## REQUIRED WORK
Set down exactly the lines that run from the line with "Virginia ATV Bill of Sale Template" to the end of the data, and nothing else.

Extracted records
»»
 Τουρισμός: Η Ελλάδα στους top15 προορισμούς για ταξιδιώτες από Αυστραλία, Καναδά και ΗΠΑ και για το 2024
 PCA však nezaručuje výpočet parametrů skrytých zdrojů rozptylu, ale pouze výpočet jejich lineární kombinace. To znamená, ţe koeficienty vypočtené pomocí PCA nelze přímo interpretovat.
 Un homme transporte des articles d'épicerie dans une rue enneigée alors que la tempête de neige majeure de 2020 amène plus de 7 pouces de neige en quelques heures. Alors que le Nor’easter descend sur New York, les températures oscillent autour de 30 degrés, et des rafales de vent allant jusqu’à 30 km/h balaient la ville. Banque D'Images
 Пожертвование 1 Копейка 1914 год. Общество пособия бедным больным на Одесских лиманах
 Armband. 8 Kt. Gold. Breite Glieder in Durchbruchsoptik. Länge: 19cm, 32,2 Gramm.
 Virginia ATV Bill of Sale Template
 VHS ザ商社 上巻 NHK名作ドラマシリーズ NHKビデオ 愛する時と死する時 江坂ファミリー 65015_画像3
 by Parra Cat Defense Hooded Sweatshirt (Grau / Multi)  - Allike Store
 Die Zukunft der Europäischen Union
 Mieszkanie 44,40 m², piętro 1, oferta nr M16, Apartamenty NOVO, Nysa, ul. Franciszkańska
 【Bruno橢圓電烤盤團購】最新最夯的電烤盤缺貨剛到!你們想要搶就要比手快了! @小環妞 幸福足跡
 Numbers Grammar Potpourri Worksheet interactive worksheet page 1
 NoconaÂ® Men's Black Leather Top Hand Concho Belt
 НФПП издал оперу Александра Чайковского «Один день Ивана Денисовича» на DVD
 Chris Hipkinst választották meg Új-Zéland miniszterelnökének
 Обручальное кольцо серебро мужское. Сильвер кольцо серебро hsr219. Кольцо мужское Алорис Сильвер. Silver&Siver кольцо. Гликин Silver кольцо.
««
## RESPONSE FOR THIS EXERCISE
 Virginia ATV Bill of Sale Template
 VHS ザ商社 上巻 NHK名作ドラマシリーズ NHKビデオ 愛する時と死する時 江坂ファミリー 65015_画像3
 by Parra Cat Defense Hooded Sweatshirt (Grau / Multi)  - Allike Store
 Die Zukunft der Europäischen Union
 Mieszkanie 44,40 m², piętro 1, oferta nr M16, Apartamenty NOVO, Nysa, ul. Franciszkańska
 【Bruno橢圓電烤盤團購】最新最夯的電烤盤缺貨剛到!你們想要搶就要比手快了! @小環妞 幸福足跡
 Numbers Grammar Potpourri Worksheet interactive worksheet page 1
 NoconaÂ® Men's Black Leather Top Hand Concho Belt
 НФПП издал оперу Александра Чайковского «Один день Ивана Денисовича» на DVD
 Chris Hipkinst választották meg Új-Zéland miniszterelnökének
 Обручальное кольцо серебро мужское. Сильвер кольцо серебро hsr219. Кольцо мужское Алорис Сильвер. Silver&Siver кольцо. Гликин Silver кольцо.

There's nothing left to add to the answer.